• _What you have to do_
Reproduce the lines below exactly. Skip images.

• _Recorded information_
*** Block opens ***

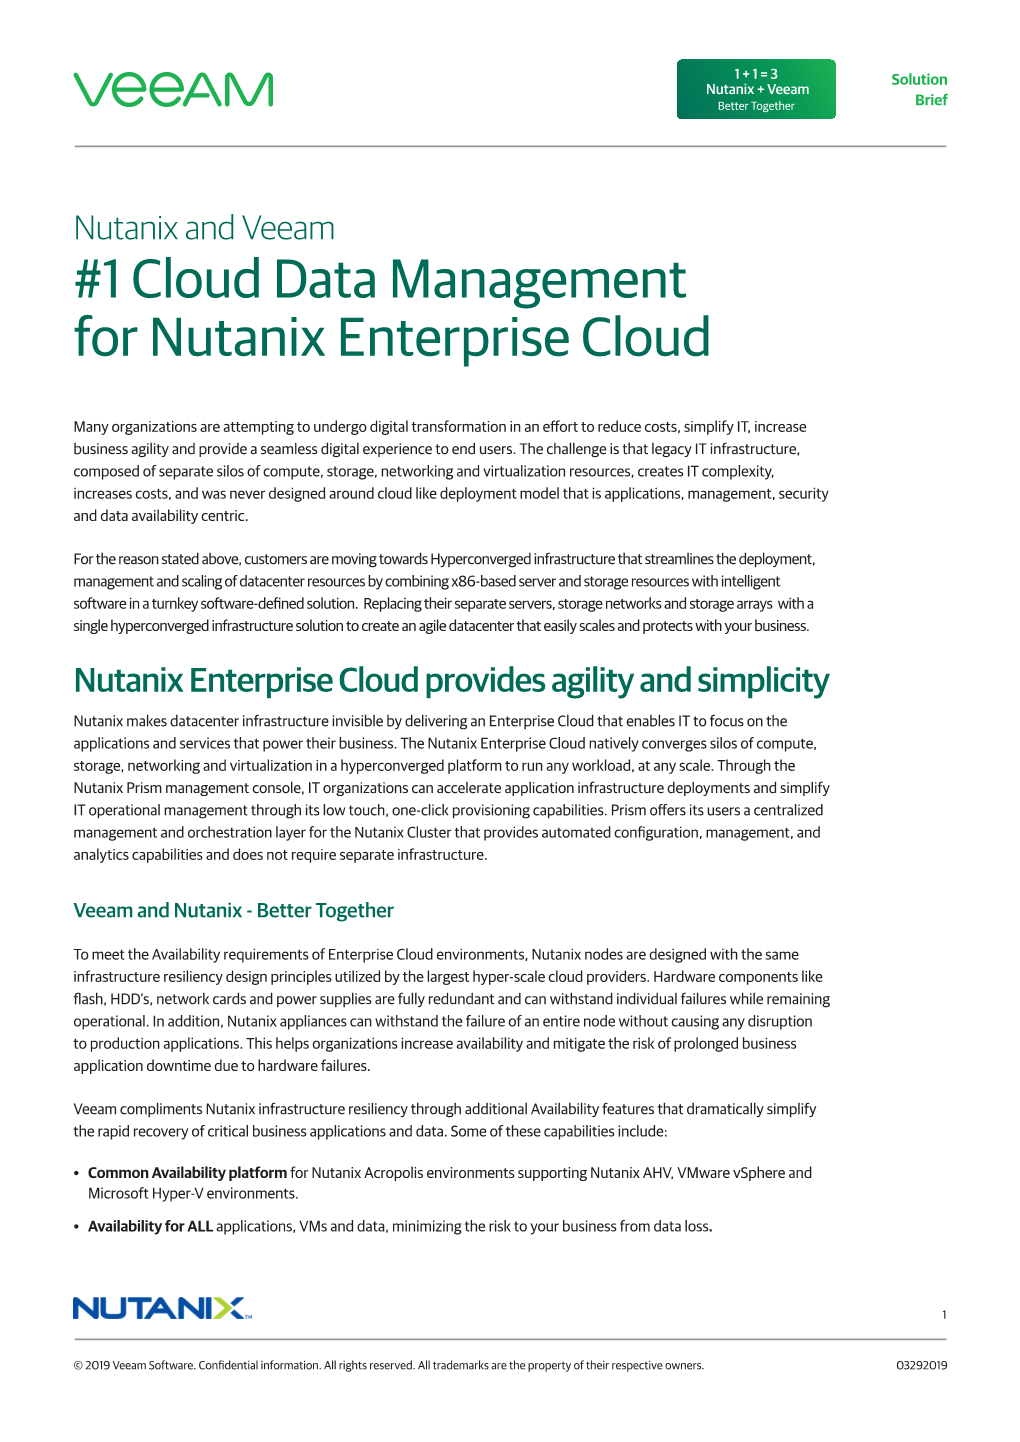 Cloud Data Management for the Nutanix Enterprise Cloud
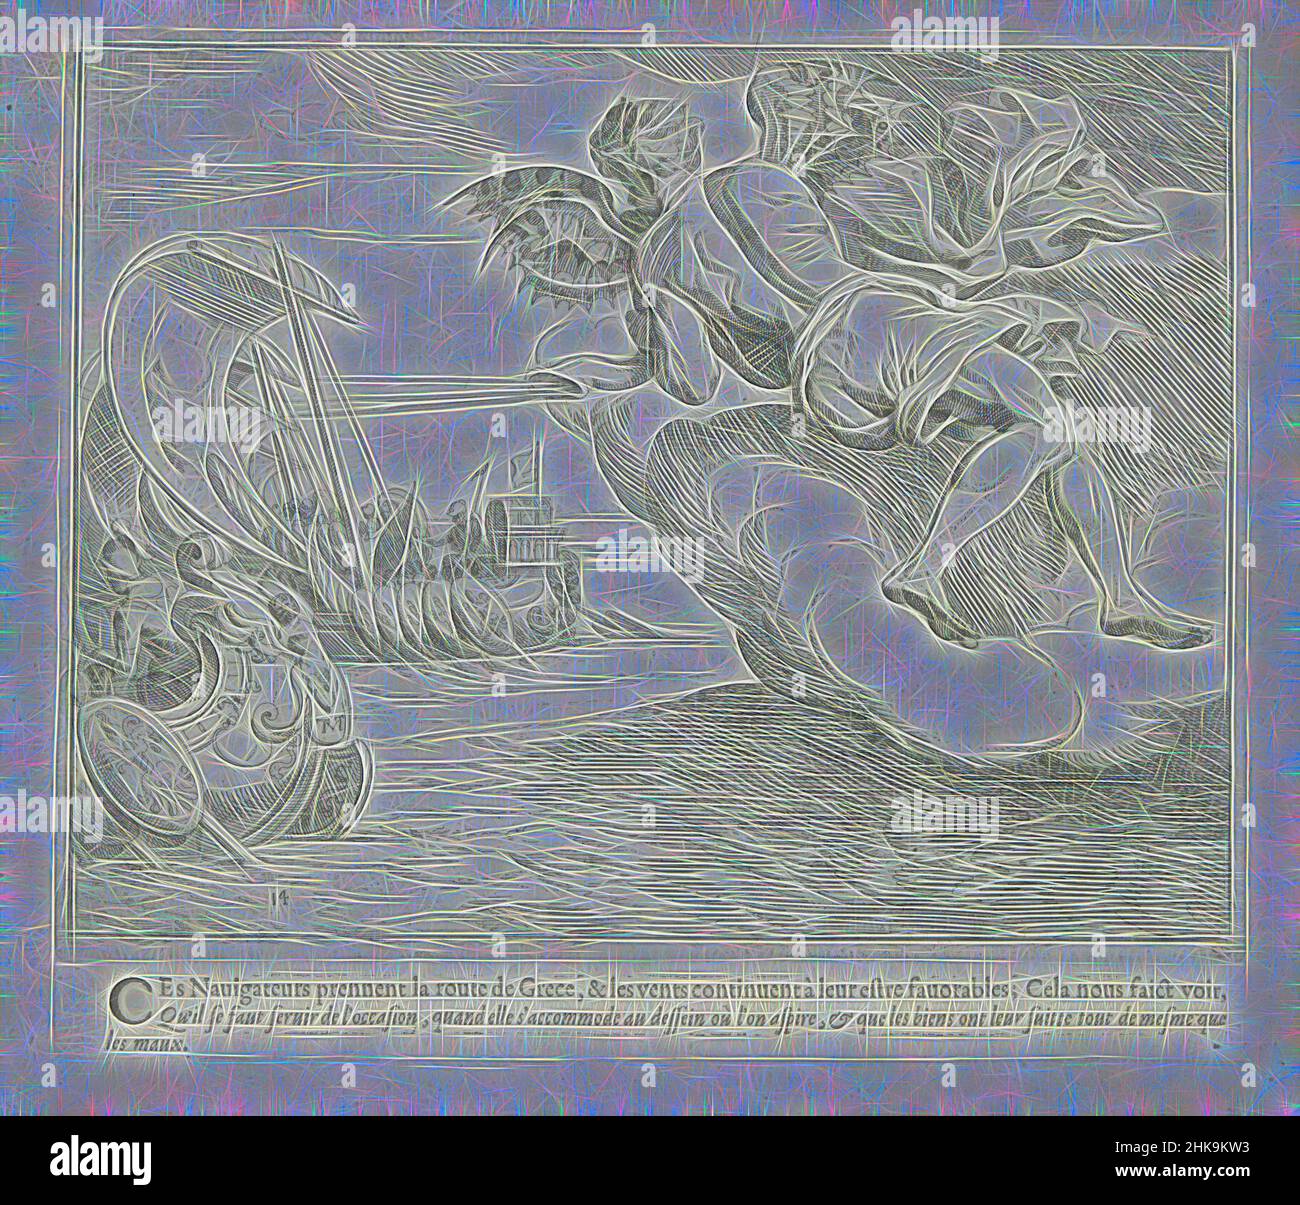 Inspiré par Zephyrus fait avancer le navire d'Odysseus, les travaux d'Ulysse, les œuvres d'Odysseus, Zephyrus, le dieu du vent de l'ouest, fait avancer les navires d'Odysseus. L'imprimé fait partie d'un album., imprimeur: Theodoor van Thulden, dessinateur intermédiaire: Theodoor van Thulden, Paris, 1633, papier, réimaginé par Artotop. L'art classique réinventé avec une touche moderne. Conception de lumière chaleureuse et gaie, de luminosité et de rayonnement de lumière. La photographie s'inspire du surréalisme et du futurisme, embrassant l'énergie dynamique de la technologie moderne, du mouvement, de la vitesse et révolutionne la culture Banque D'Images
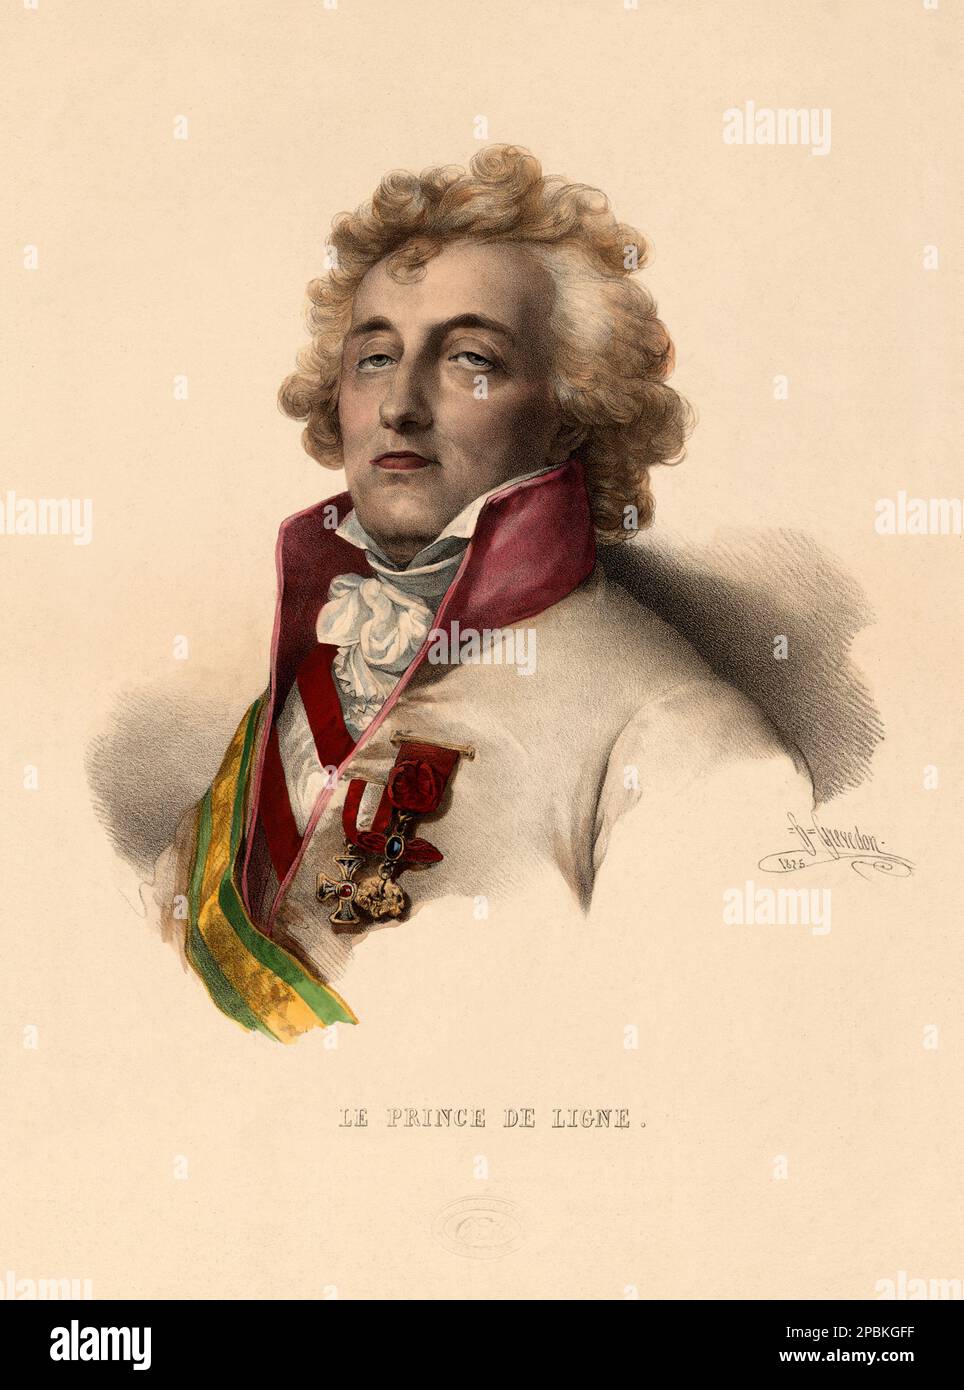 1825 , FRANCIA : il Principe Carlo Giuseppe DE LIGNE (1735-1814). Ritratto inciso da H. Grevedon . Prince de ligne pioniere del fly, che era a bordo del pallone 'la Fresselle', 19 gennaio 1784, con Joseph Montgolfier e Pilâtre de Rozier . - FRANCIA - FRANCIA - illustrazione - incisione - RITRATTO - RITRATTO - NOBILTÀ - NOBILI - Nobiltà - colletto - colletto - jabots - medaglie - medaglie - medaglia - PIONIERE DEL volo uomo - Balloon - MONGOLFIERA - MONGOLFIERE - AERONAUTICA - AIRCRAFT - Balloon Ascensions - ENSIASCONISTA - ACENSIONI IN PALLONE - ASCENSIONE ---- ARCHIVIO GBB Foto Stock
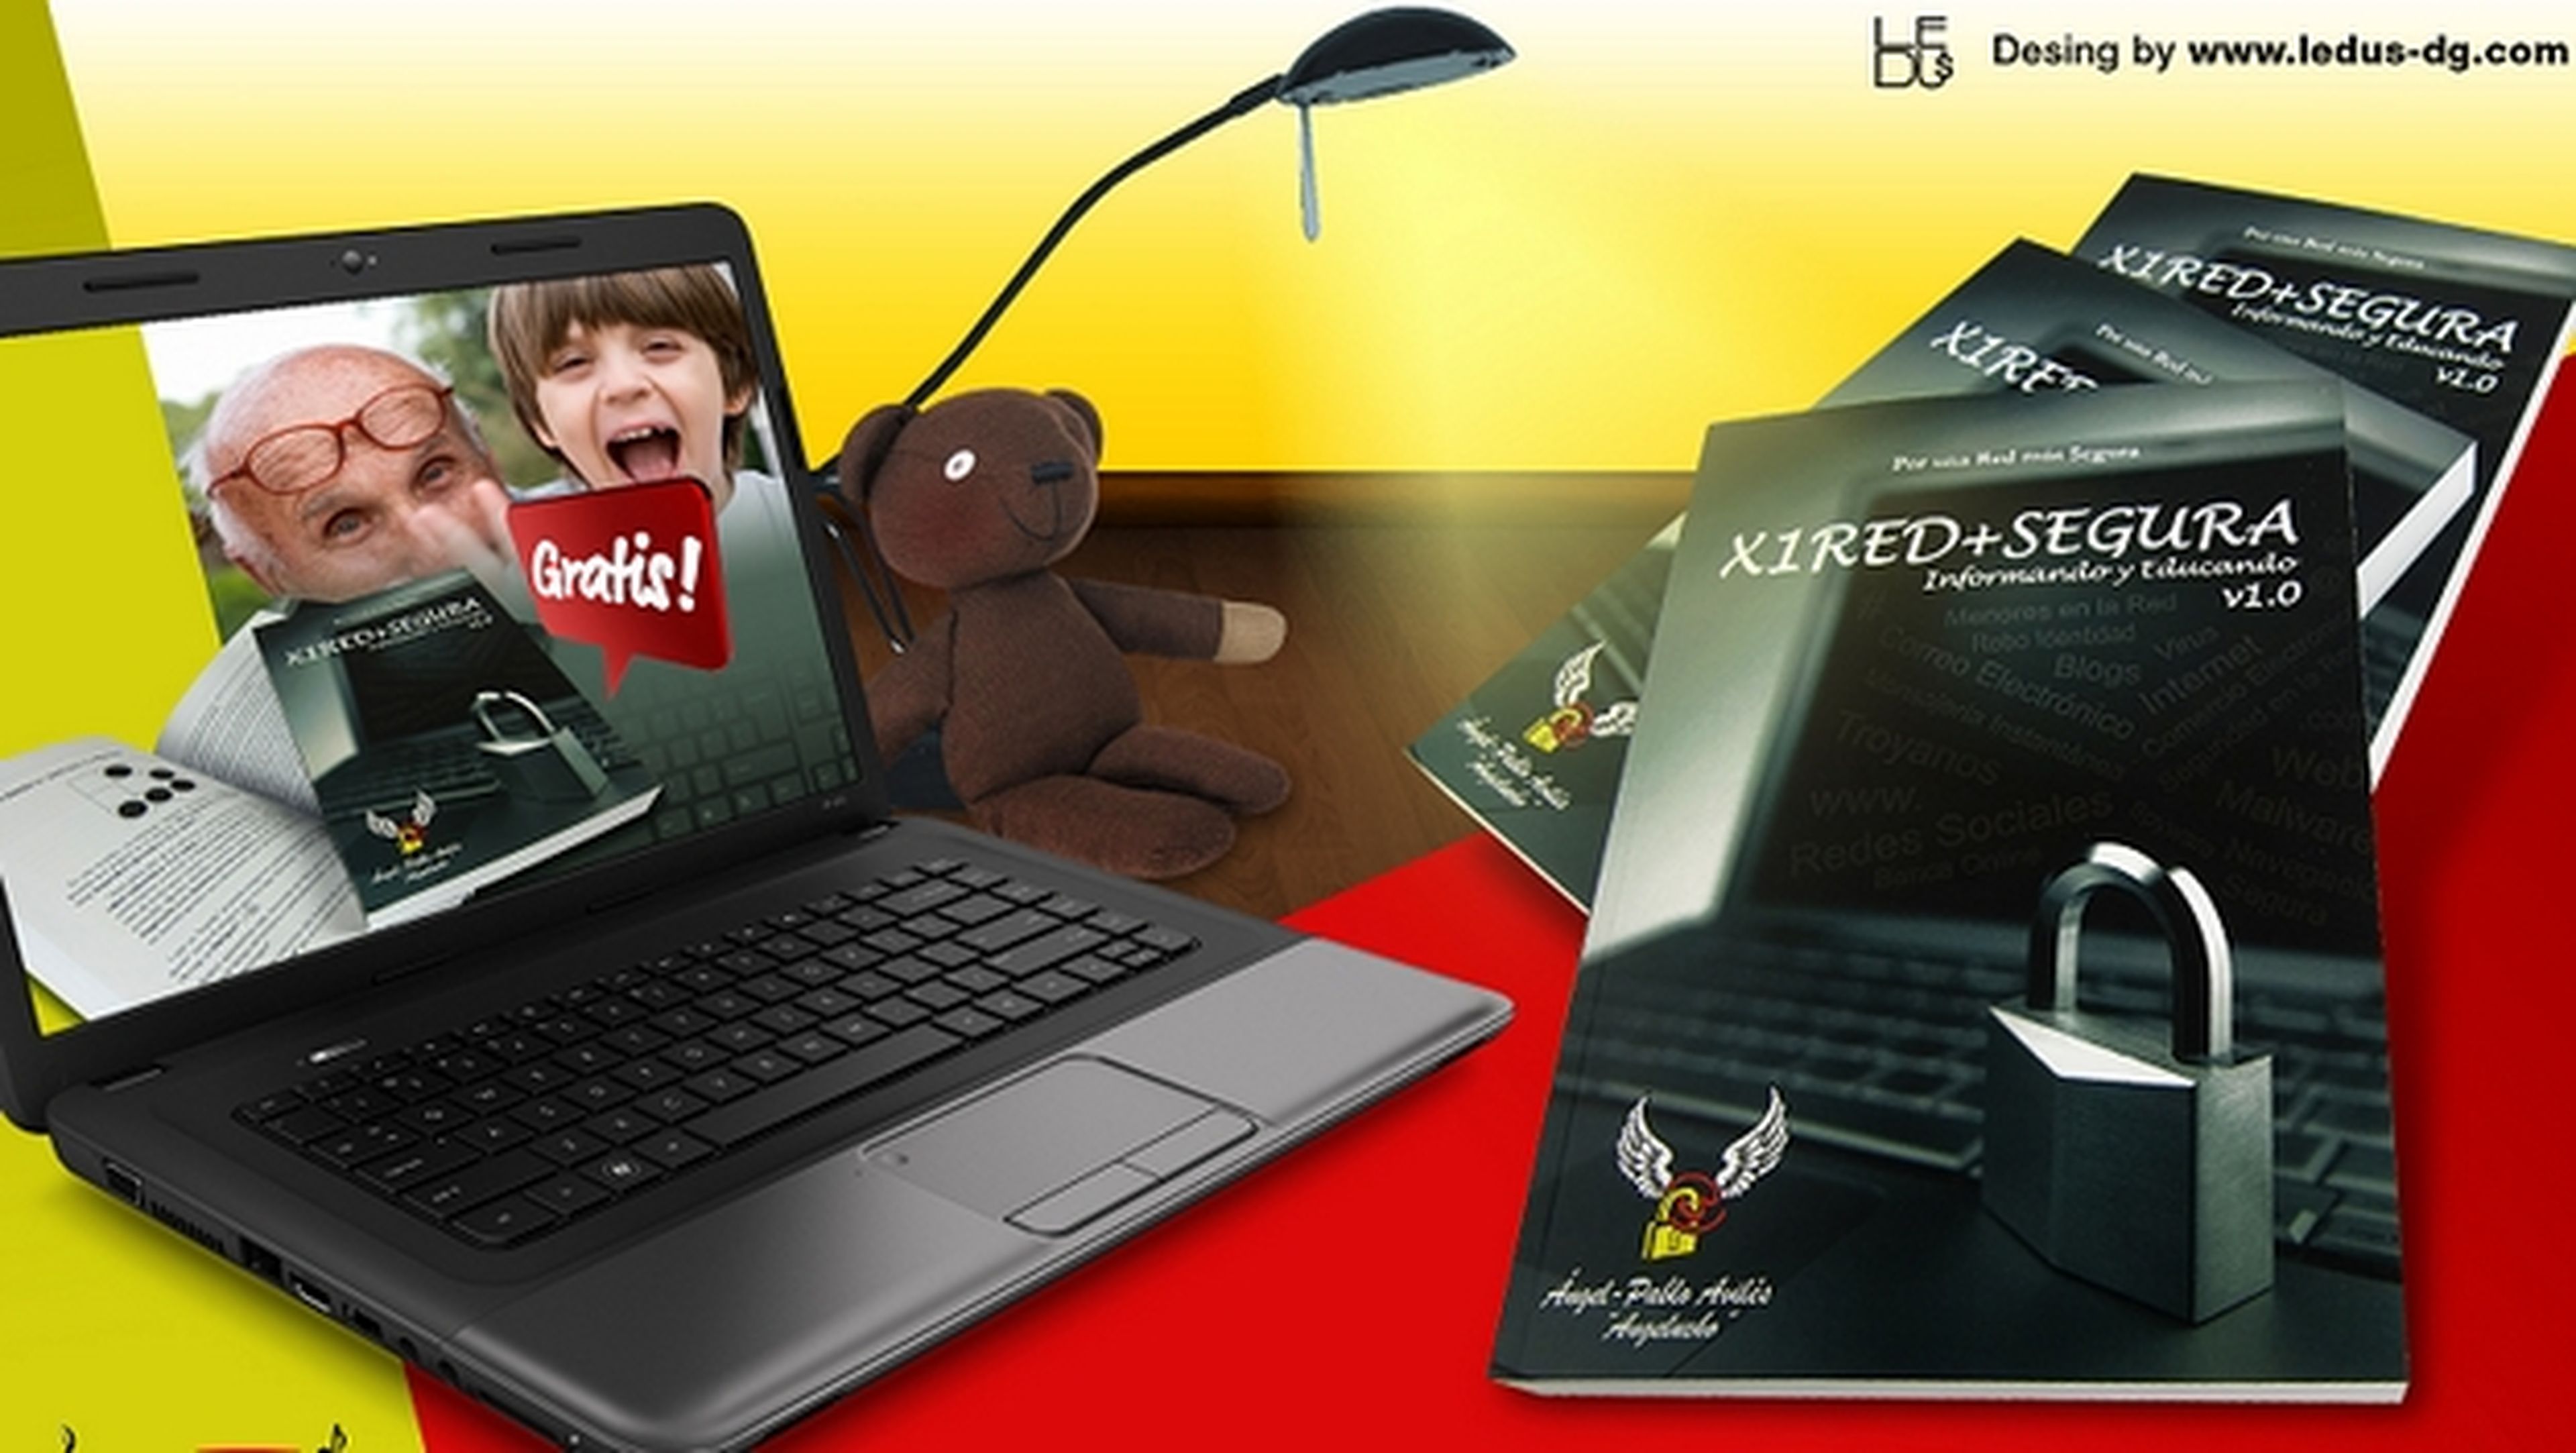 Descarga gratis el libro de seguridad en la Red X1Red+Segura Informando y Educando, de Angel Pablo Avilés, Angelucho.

*** Block closes ***

• _Written solution_
 Cloud Data Management for the Nutanix Enterprise Cloud
 Inspiré par Zephyrus fait avancer le navire d'Odysseus, les travaux d'Ulysse, les œuvres d'Odysseus, Zephyrus, le dieu du vent de l'ouest, fait avancer les navires d'Odysseus. L'imprimé fait partie d'un album., imprimeur: Theodoor van Thulden, dessinateur intermédiaire: Theodoor van Thulden, Paris, 1633, papier, réimaginé par Artotop. L'art classique réinventé avec une touche moderne. Conception de lumière chaleureuse et gaie, de luminosité et de rayonnement de lumière. La photographie s'inspire du surréalisme et du futurisme, embrassant l'énergie dynamique de la technologie moderne, du mouvement, de la vitesse et révolutionne la culture Banque D'Images
 1825 , FRANCIA : il Principe Carlo Giuseppe DE LIGNE (1735-1814). Ritratto inciso da H. Grevedon . Prince de ligne pioniere del fly, che era a bordo del pallone 'la Fresselle', 19 gennaio 1784, con Joseph Montgolfier e Pilâtre de Rozier . - FRANCIA - FRANCIA - illustrazione - incisione - RITRATTO - RITRATTO - NOBILTÀ - NOBILI - Nobiltà - colletto - colletto - jabots - medaglie - medaglie - medaglia - PIONIERE DEL volo uomo - Balloon - MONGOLFIERA - MONGOLFIERE - AERONAUTICA - AIRCRAFT - Balloon Ascensions - ENSIASCONISTA - ACENSIONI IN PALLONE - ASCENSIONE ---- ARCHIVIO GBB Foto Stock
 Descarga gratis el libro de seguridad en la Red X1Red+Segura Informando y Educando, de Angel Pablo Avilés, Angelucho.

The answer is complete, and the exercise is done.